Problem description:
An exact copy of the lines of the listing below between the "Lets Express 1999999.96 as afraction" line and the "Abandoned old rusty bus on grass Stock Photo" line, both included, is the whole answer; please omit the pictures.

Records to use:
☆ ☆ ☆ ☆

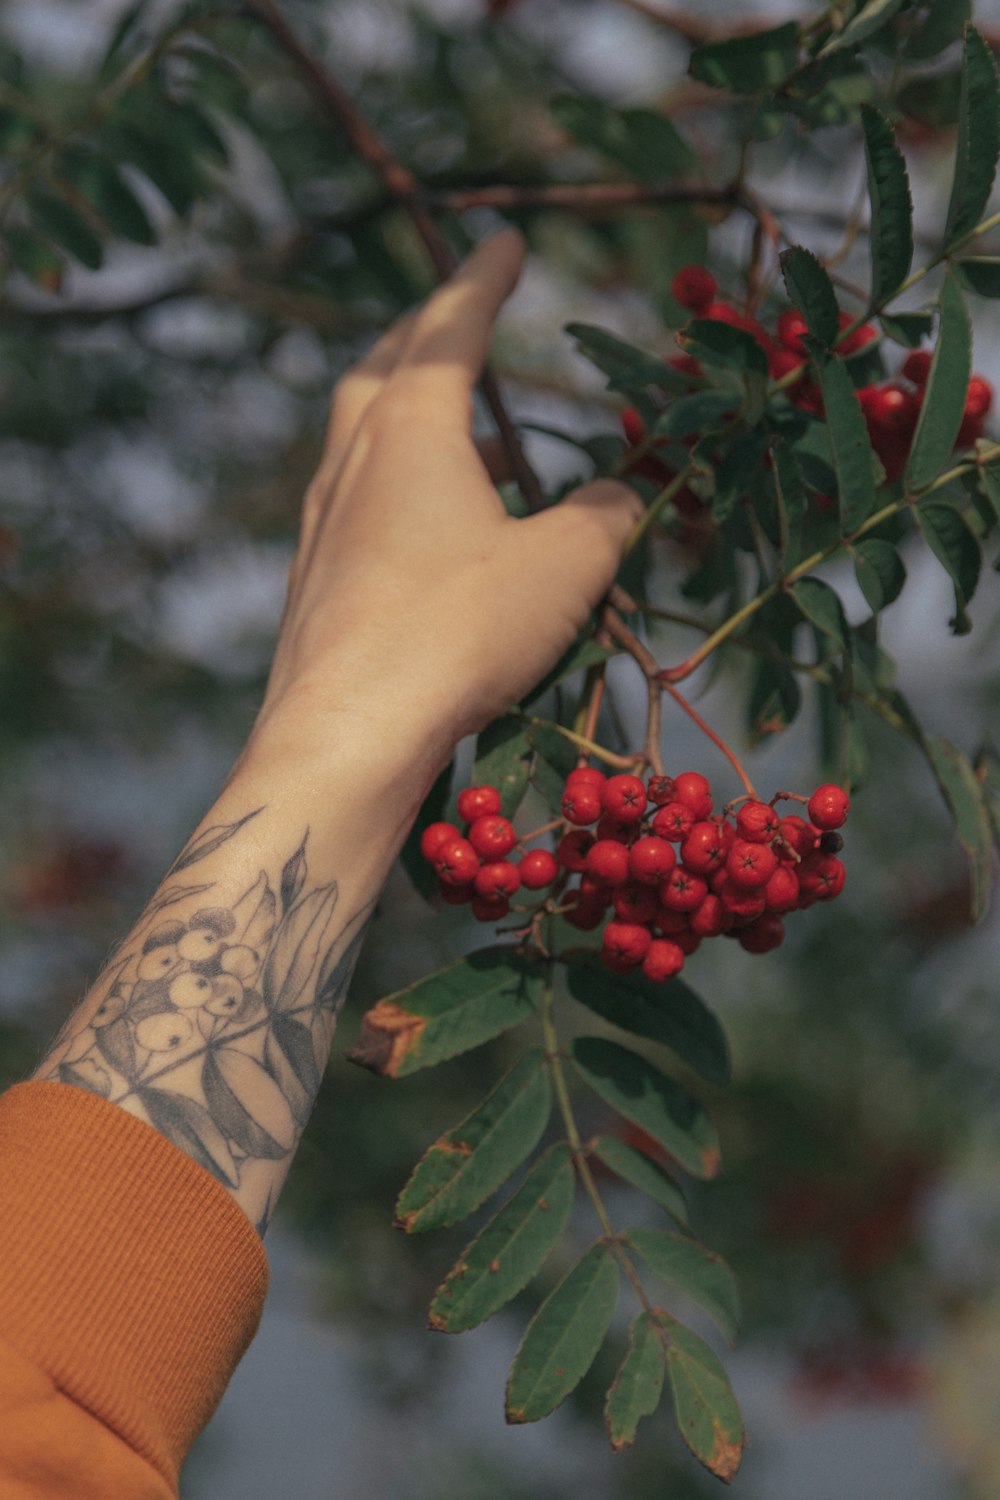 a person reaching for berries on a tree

☆ ☆ ☆ ☆

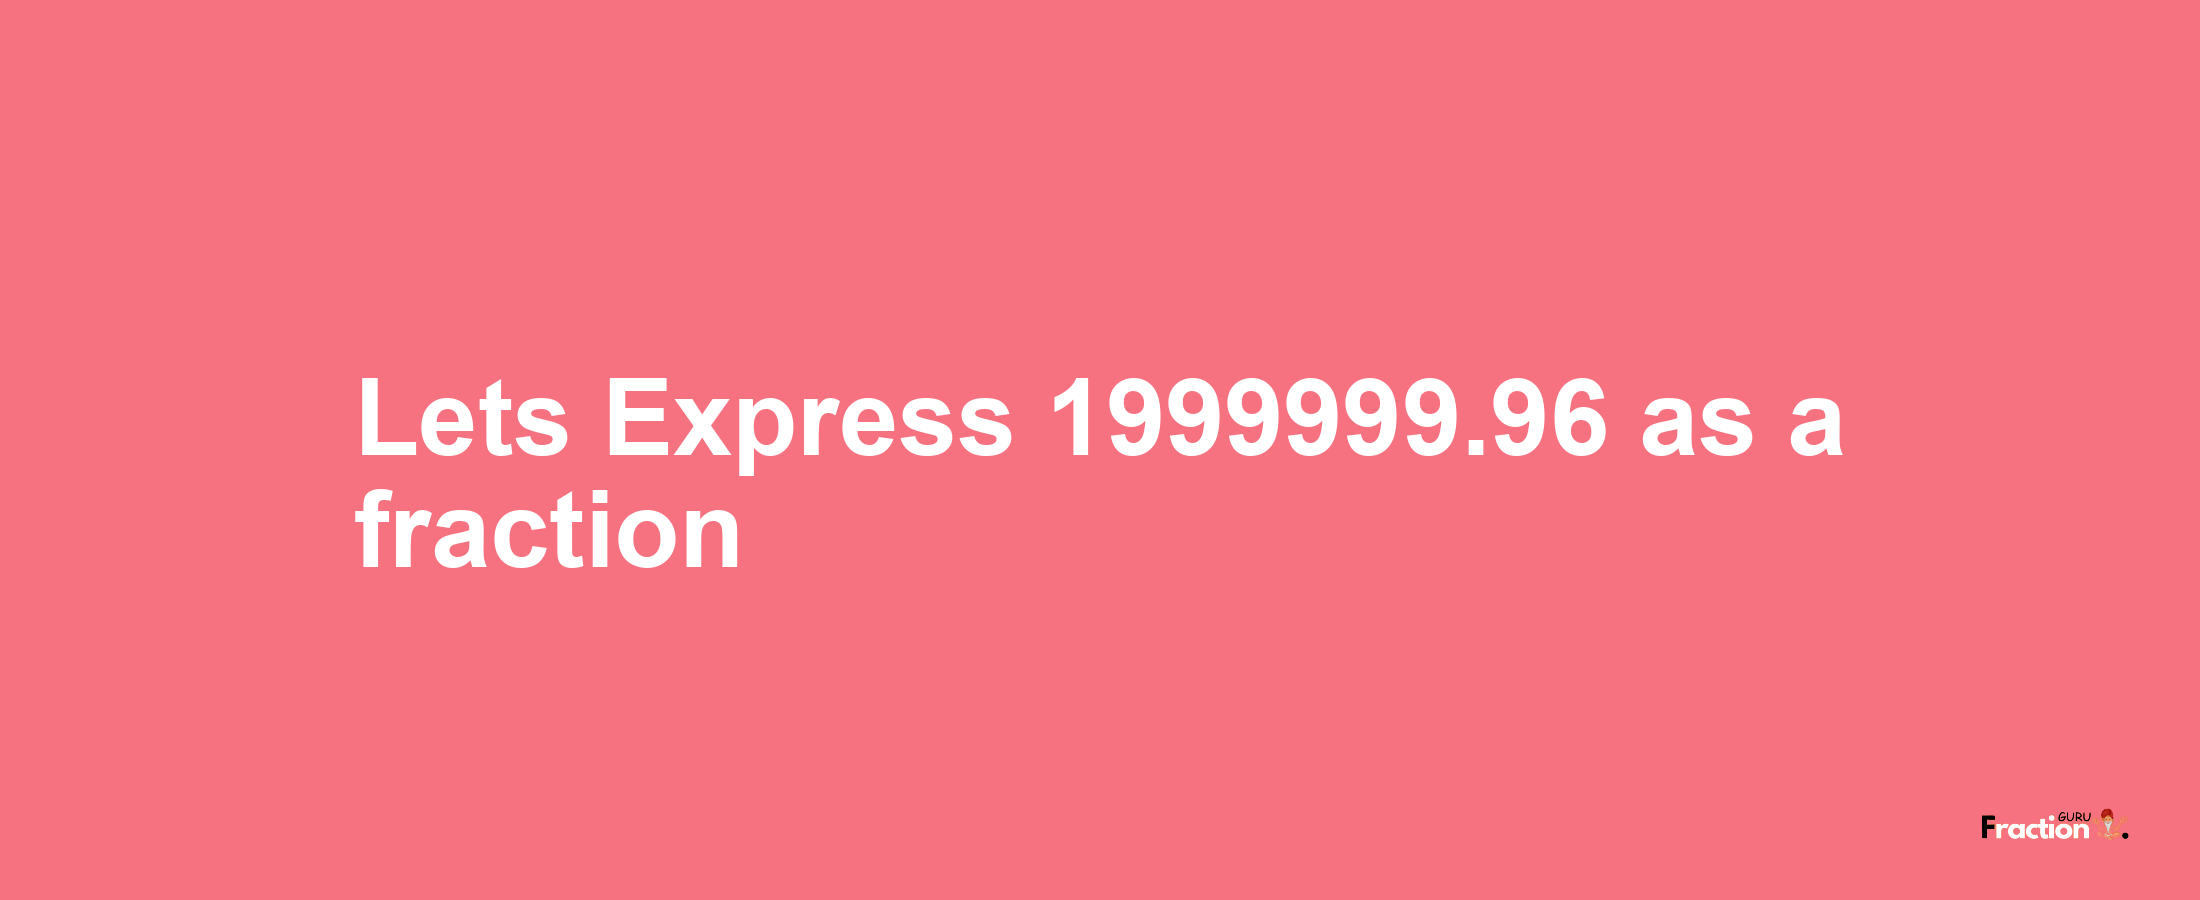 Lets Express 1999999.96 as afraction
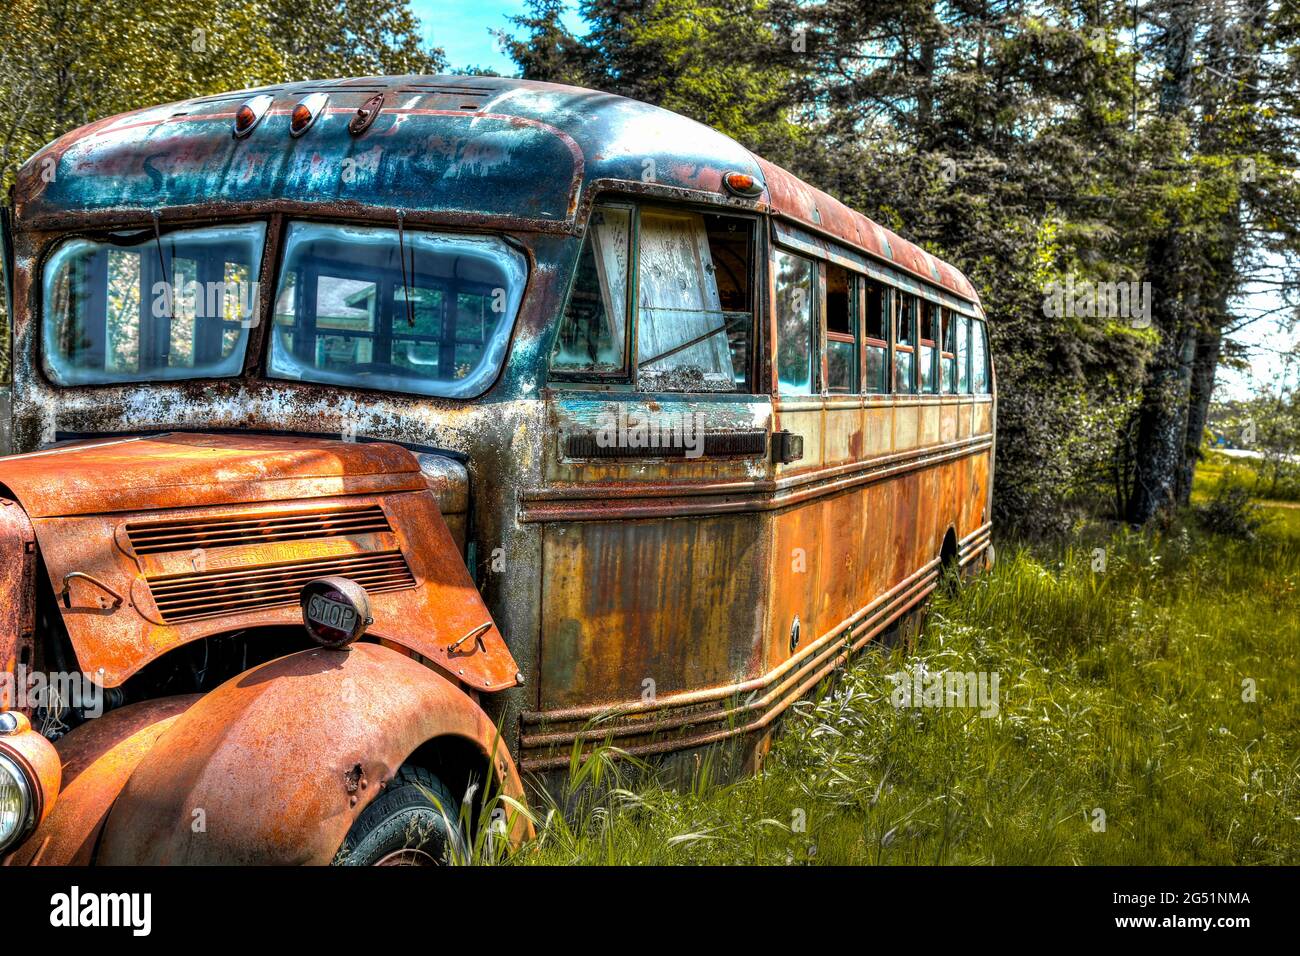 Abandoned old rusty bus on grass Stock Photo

☆ ☆ ☆ ☆

Task answer:
 Lets Express 1999999.96 as afraction
 Abandoned old rusty bus on grass Stock Photo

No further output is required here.